This is not really an answer, but rather a longish comment and a suggestion about how one might focus the question a bit better.

First, when one asks for a 'canonical' isometric embedding into some Euclidean space of a genus $2$ surface endowed with a metric of curvature $K=-1$, one might want to consider in what sense even the Clifford torus is 'canonical'.

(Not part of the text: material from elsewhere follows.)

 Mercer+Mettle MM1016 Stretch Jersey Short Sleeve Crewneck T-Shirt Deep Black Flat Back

In fact, there are many flat metrics on the 1-holed torus: If $\Lambda\subset\mathbb{C}$ is a lattice (i.e., a discrete subgroup of rank $2$, say generated by $1$ and $\tau\in\mathbb{C}$ with positive imaginary part), then the standard metric $\mathrm{d}z\circ\mathrm{d}\bar z$ induces a flat metric $g_\Lambda$ on $T = \mathbb{C}/\Lambda$, and these flat metrics are not globally isometric as $\tau$ varies. Nevertheless, as Montiel and Ross showed in this paper, there is a $g_\Lambda$-isometric immersion $f_\Lambda:T\to\mathbb{E}^6$ by first eigenfunctions (that actually maps into a round $5$-sphere) that, moreover, is equivariant with respect to the identity component of the isometry group $G_\Lambda$ of $g_\Lambda$ in the sense that there is an embedding $G_\Lambda\to\mathrm{SO}(6)$ so that $f_\Lambda(g\cdot p) = g\cdot f_\Lambda(p)$ for all $p\in T$. In particular, this isometric embedding is as 'homogeneous' as possible. When $\tau=i$ (so that $\Lambda$ is the square lattice), this reduces to the Clifford torus example that the OP listed.

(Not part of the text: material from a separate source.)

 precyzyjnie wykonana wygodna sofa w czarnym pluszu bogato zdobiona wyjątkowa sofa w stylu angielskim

Of course, these examples are simply quotients of global *equivariant* isometric immersions of $\mathbb{E}^2$ into $\mathbb{E}^n$ for $n\ge 2$.

Meanwhile, it is well-known that the isometry group of the Poincaré disk is isomorphic to $\mathrm{PSL}(2,\mathbb{R})$ and that this group does not have any nontrivial homomorphism to the isometry group of Euclidean space in any (finite) dimension. Thus, there is no hope to construct an equivariant isometric immersion of the Poincaré disk into any (finite dimensional) Euclidean space, much less to find one that 'closes up' under some Fuchsian subgroup to give a 'canonical' isometric embedding of the $2$-holed torus into Euclidean space.

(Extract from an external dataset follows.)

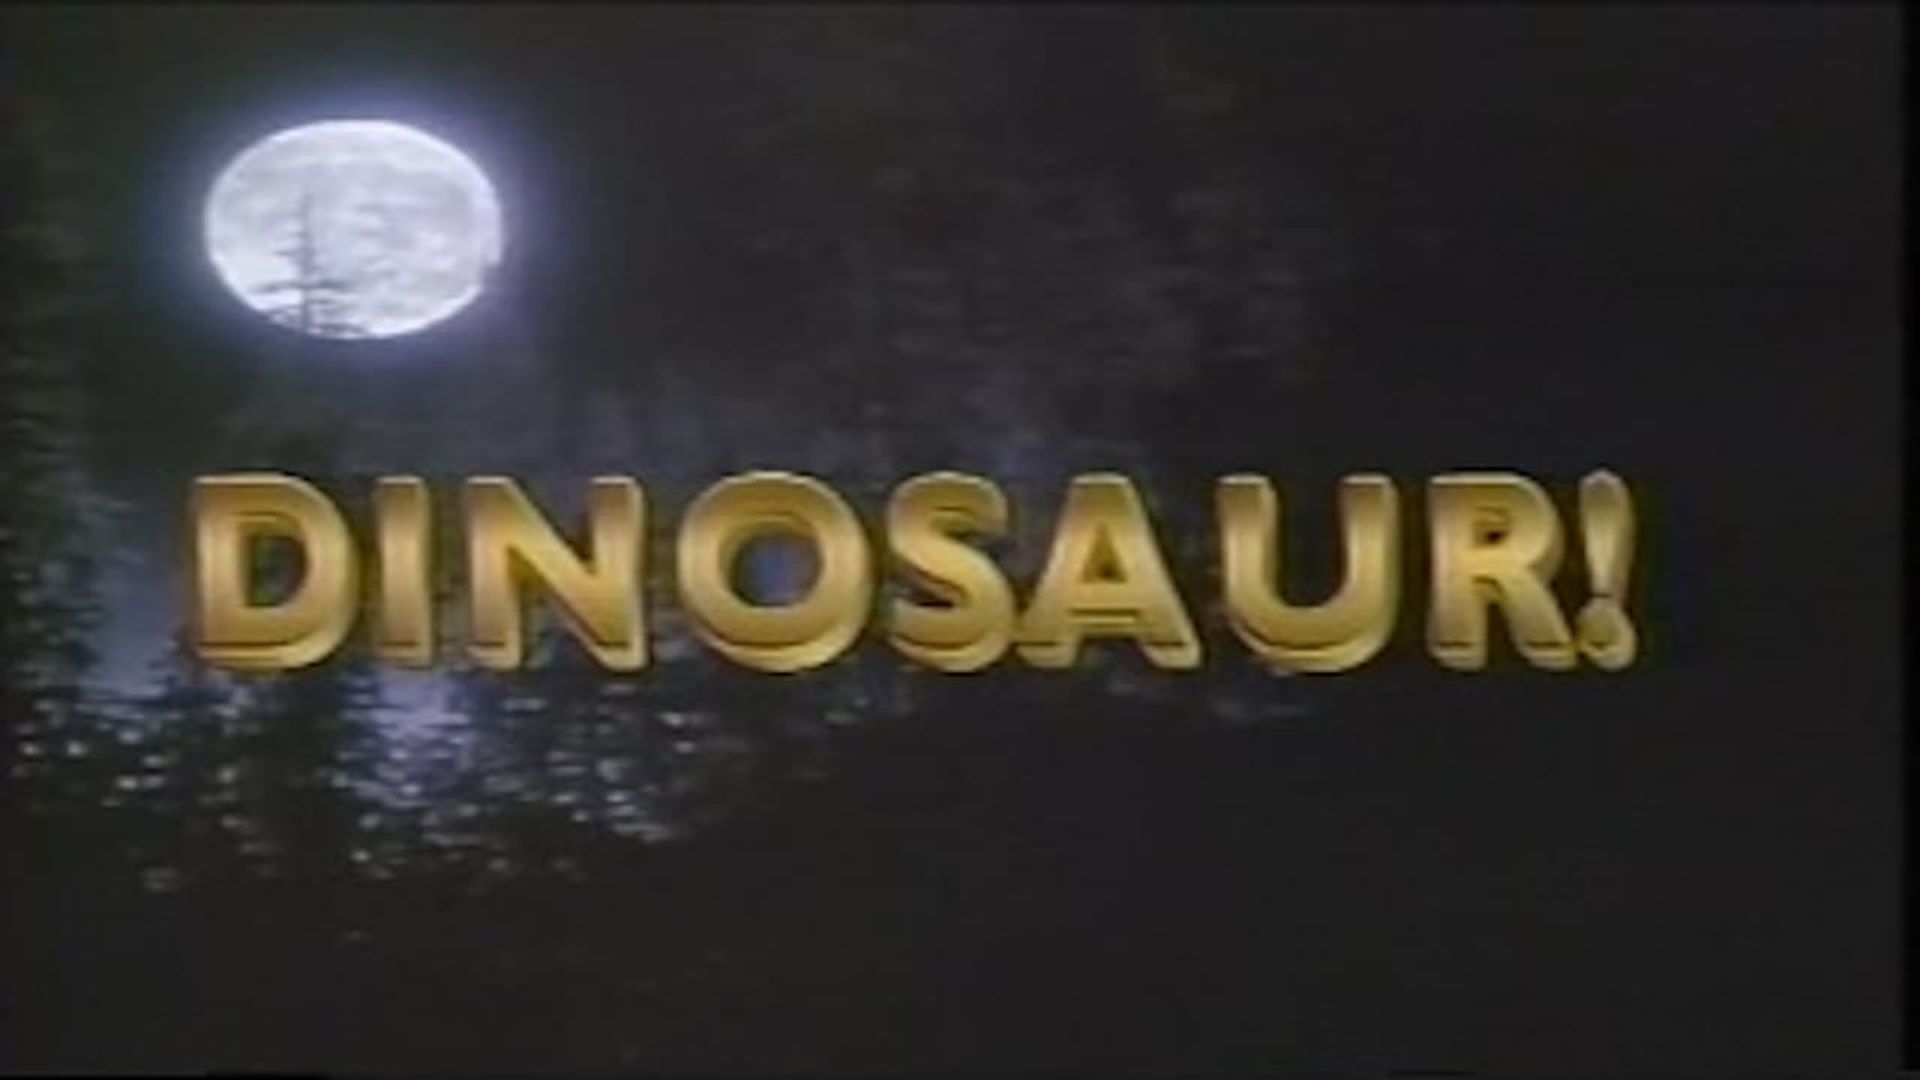 Dinosaur! background

Thus, one must look elsewhere for a notion of 'canonical isometric embedding'. One possibility one might try to generalize the above flat case would be to ask for an isometric embedding by the eigenfunctions of the Laplace operator associated to a particular eigenvalue. A related (non-existence result) is the following: If $(M^2,ds^2)$ is a surface of constant negative Gauss curvature then there is no nontrivial map $f:M\to S^n\subset\mathbb{E}^{n+1}$ that satisfies $\Delta f = -\lambda f$ for any $\lambda\not=0$. This follows by the same techniques used to prove Theorem 2.3 in this paper of mine. Thus, some other kind of extra system of equations would be needed to determine what you mean by 'canonical'.